_ASSIGNED TASK:_
All of the data that follows should be retyped exactly, please, except the pictures.

_DATASET CONTENT:_
+ + + +
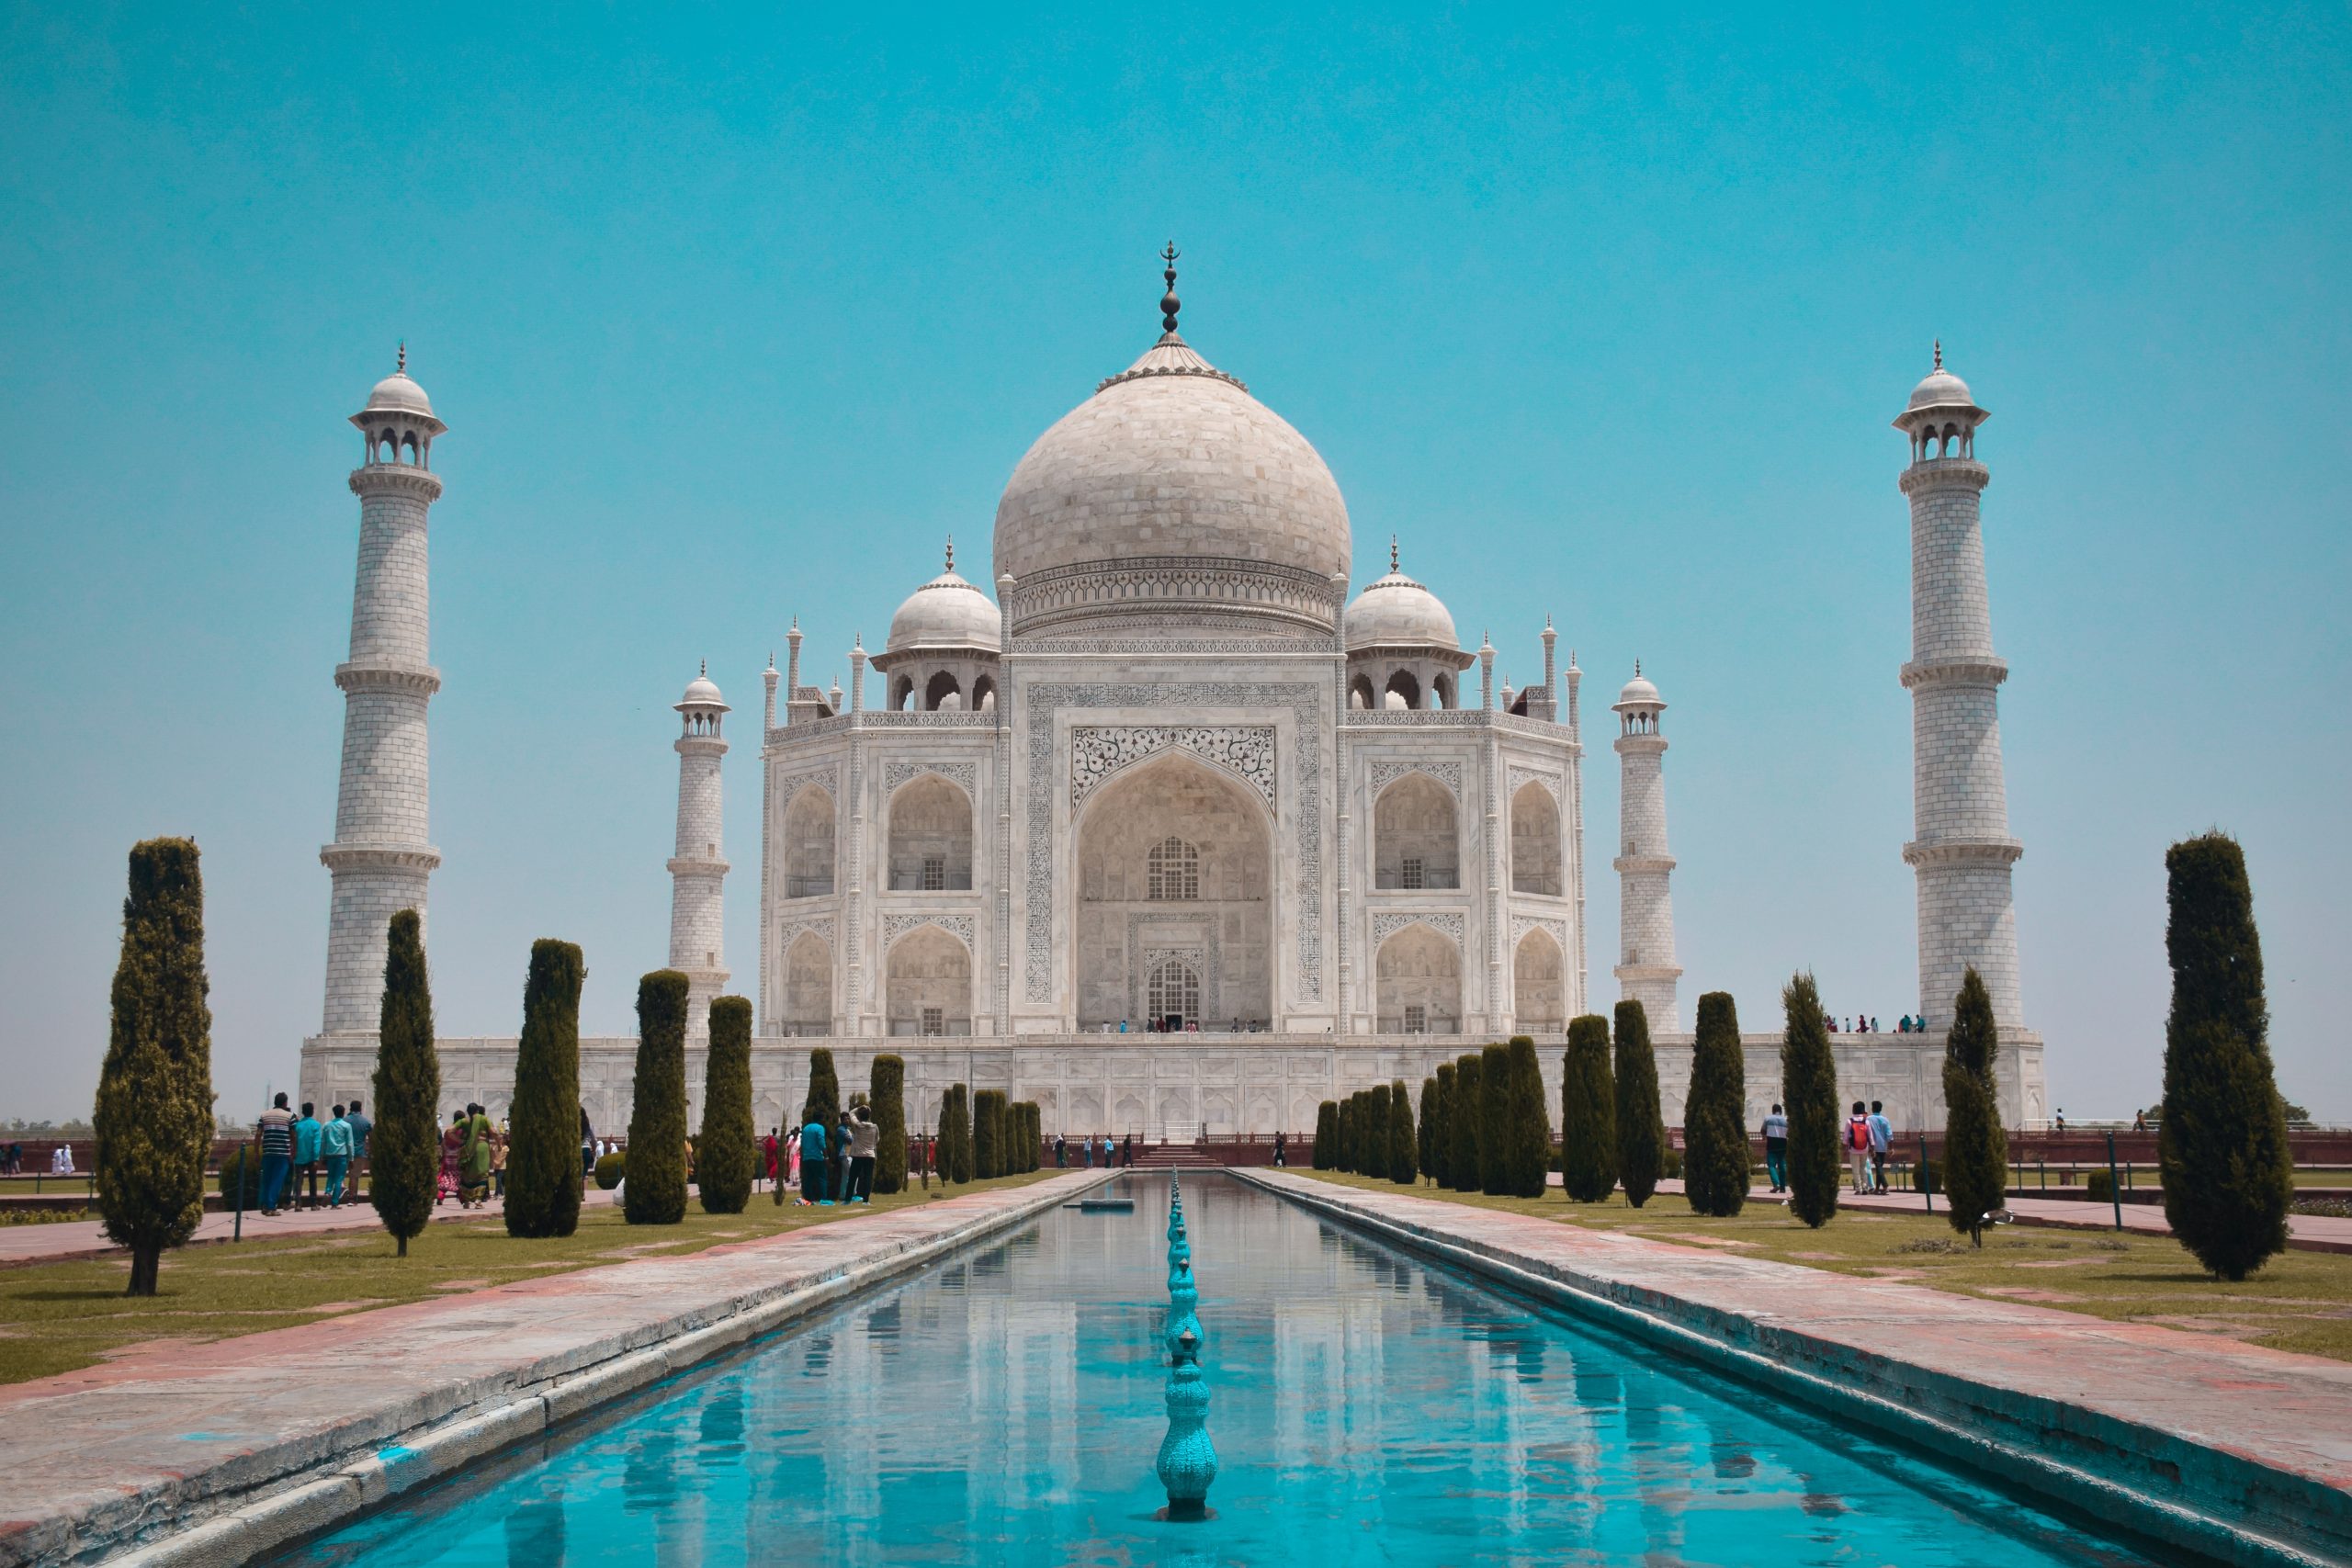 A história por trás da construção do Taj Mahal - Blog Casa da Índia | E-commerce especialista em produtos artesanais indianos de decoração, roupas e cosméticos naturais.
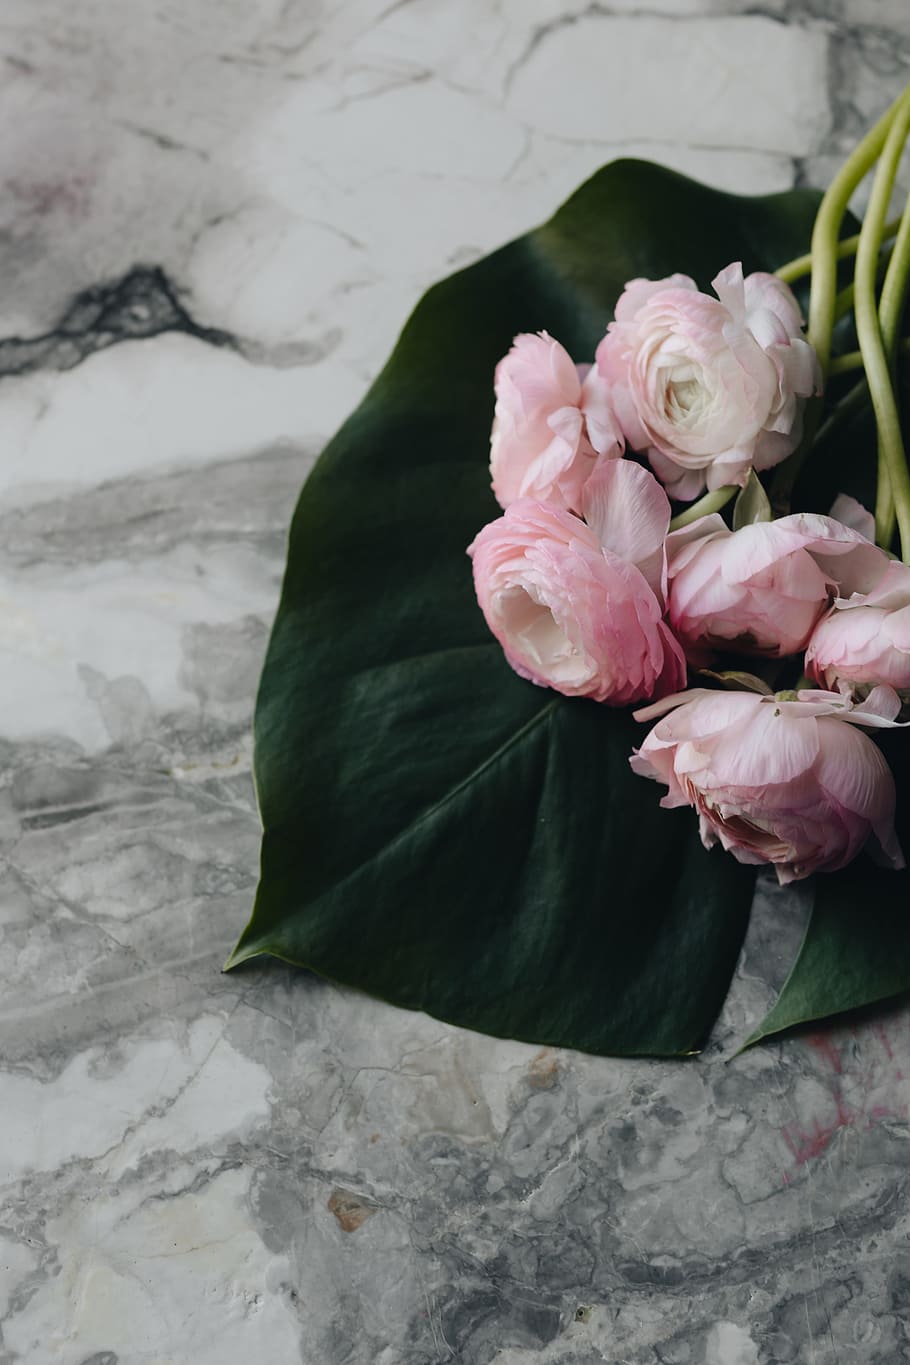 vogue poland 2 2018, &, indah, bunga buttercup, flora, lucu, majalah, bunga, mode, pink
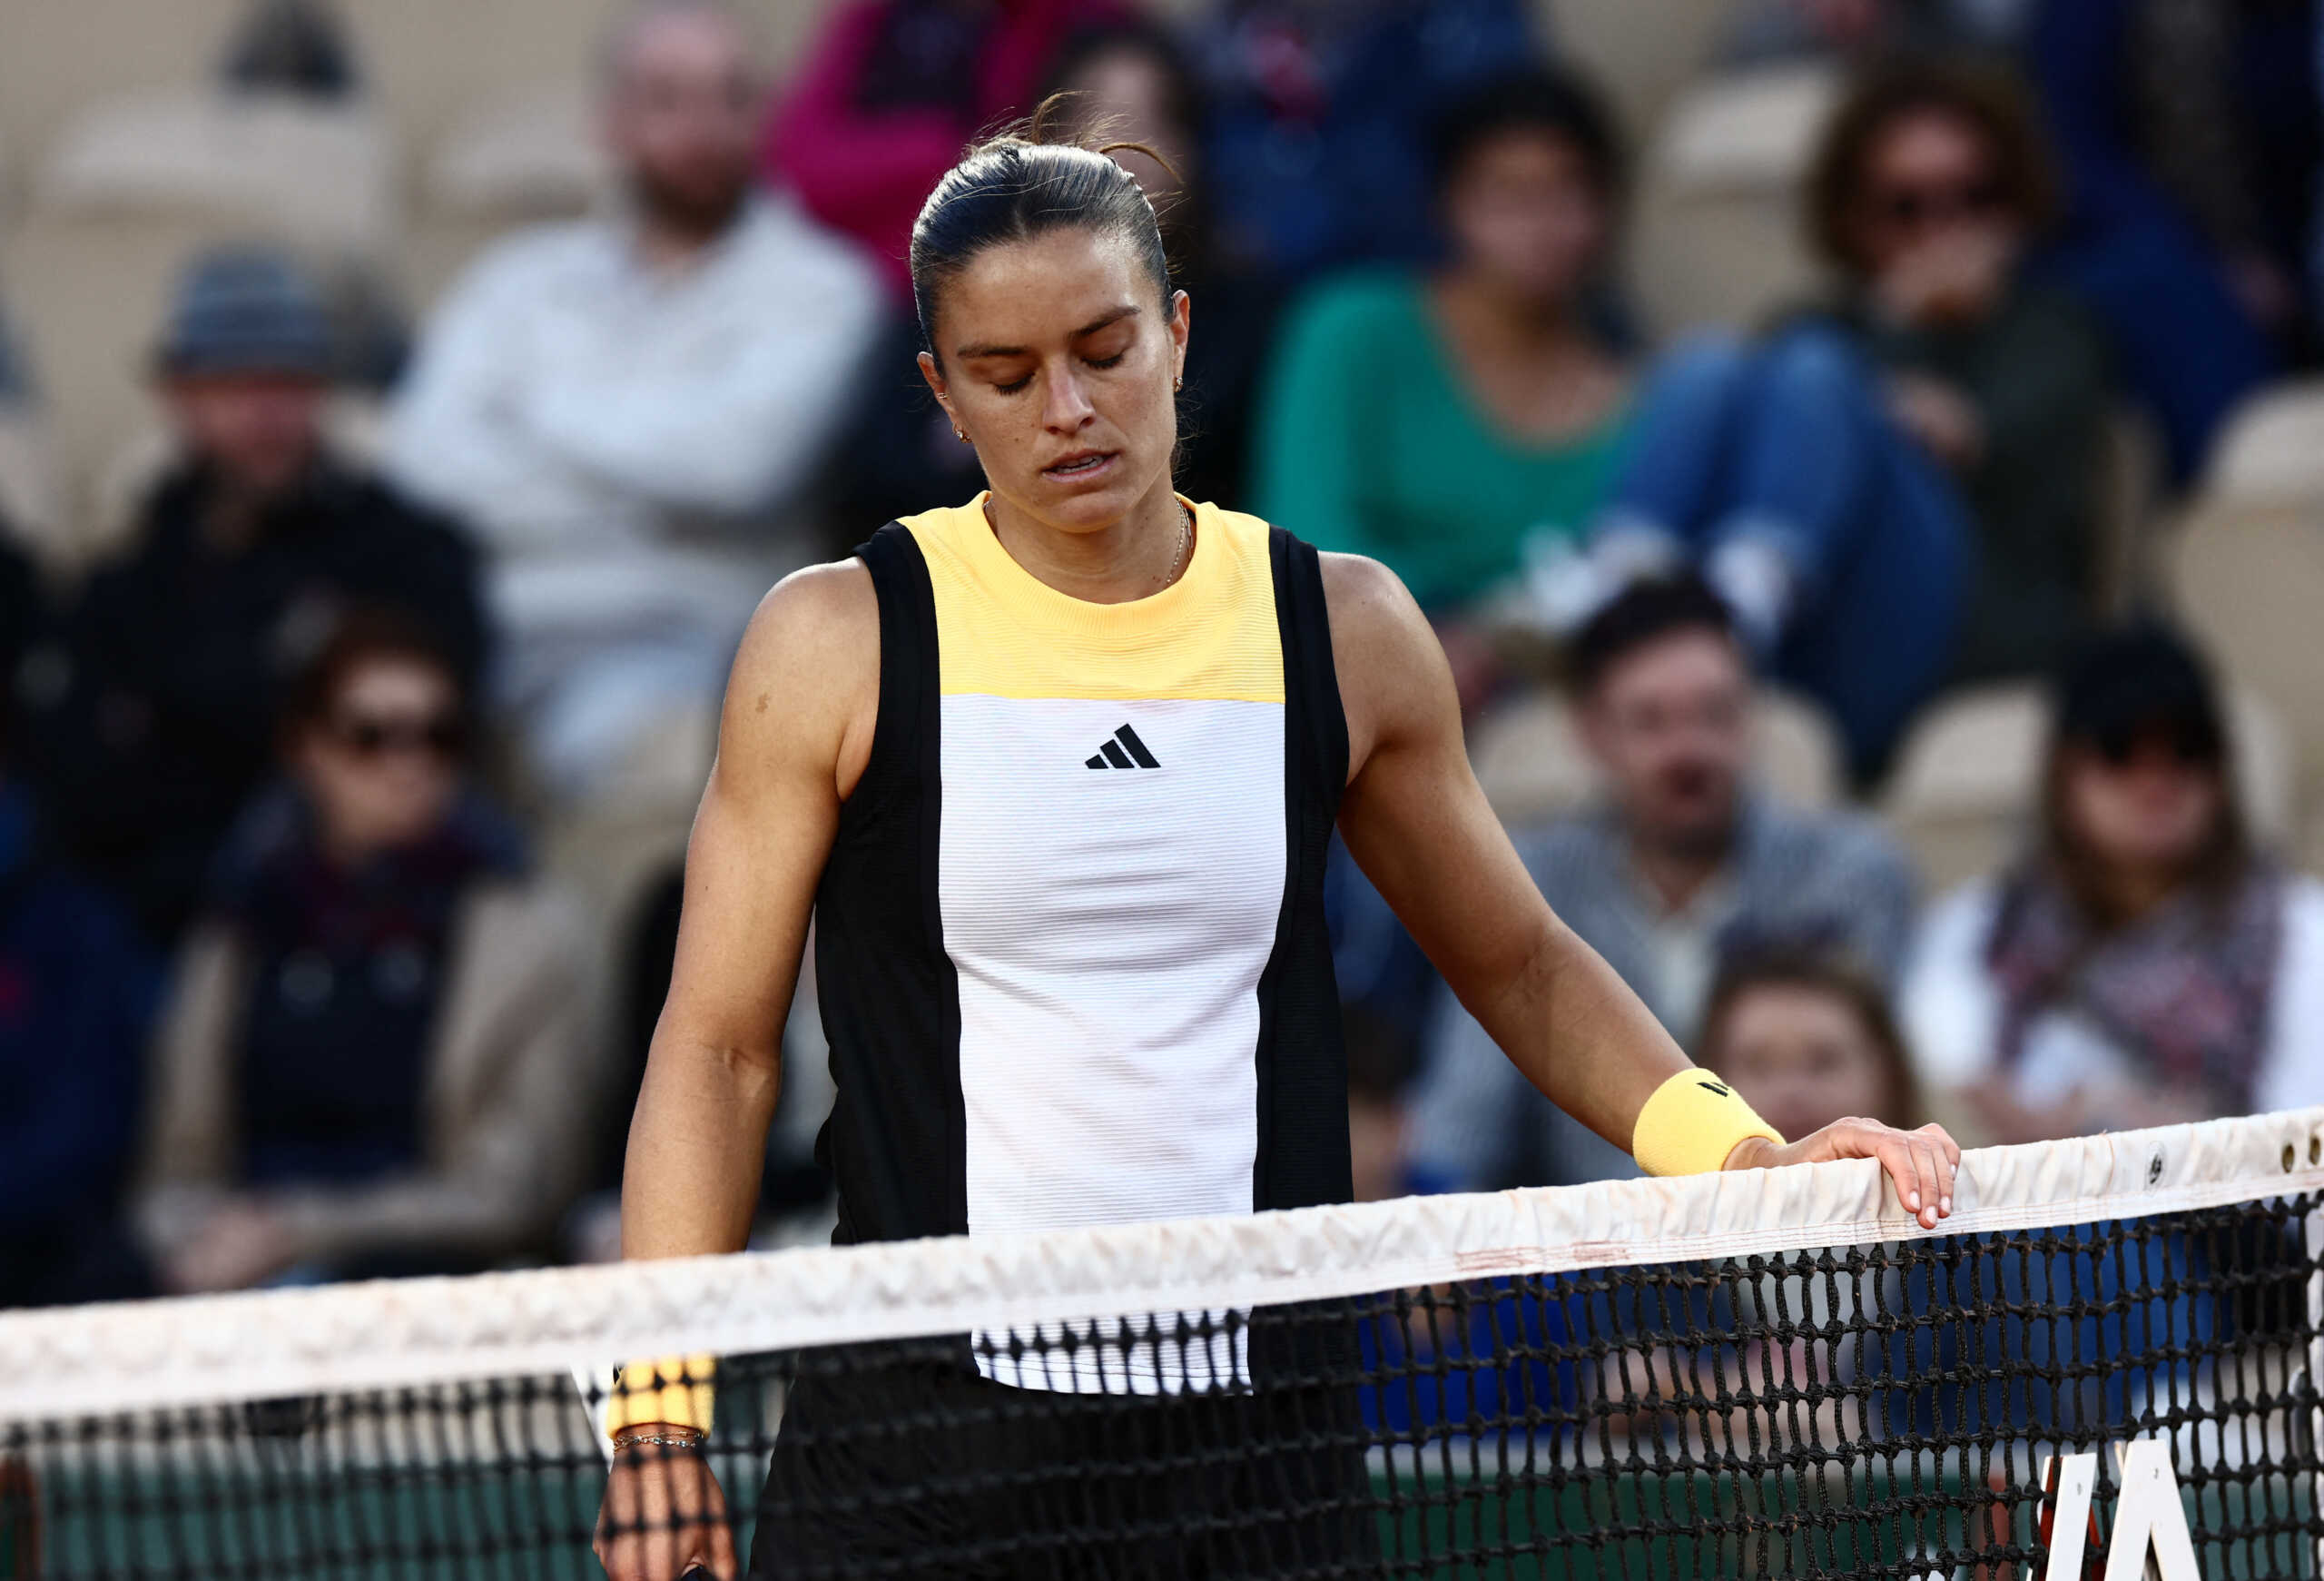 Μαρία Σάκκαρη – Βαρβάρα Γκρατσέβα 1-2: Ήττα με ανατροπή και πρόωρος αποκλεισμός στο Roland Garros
+ + + +
_RESPONSE TO THE EXERCISE:_
 A história por trás da construção do Taj Mahal - Blog Casa da Índia | E-commerce especialista em produtos artesanais indianos de decoração, roupas e cosméticos naturais.
 vogue poland 2 2018, &, indah, bunga buttercup, flora, lucu, majalah, bunga, mode, pink
 Μαρία Σάκκαρη – Βαρβάρα Γκρατσέβα 1-2: Ήττα με ανατροπή και πρόωρος αποκλεισμός στο Roland Garros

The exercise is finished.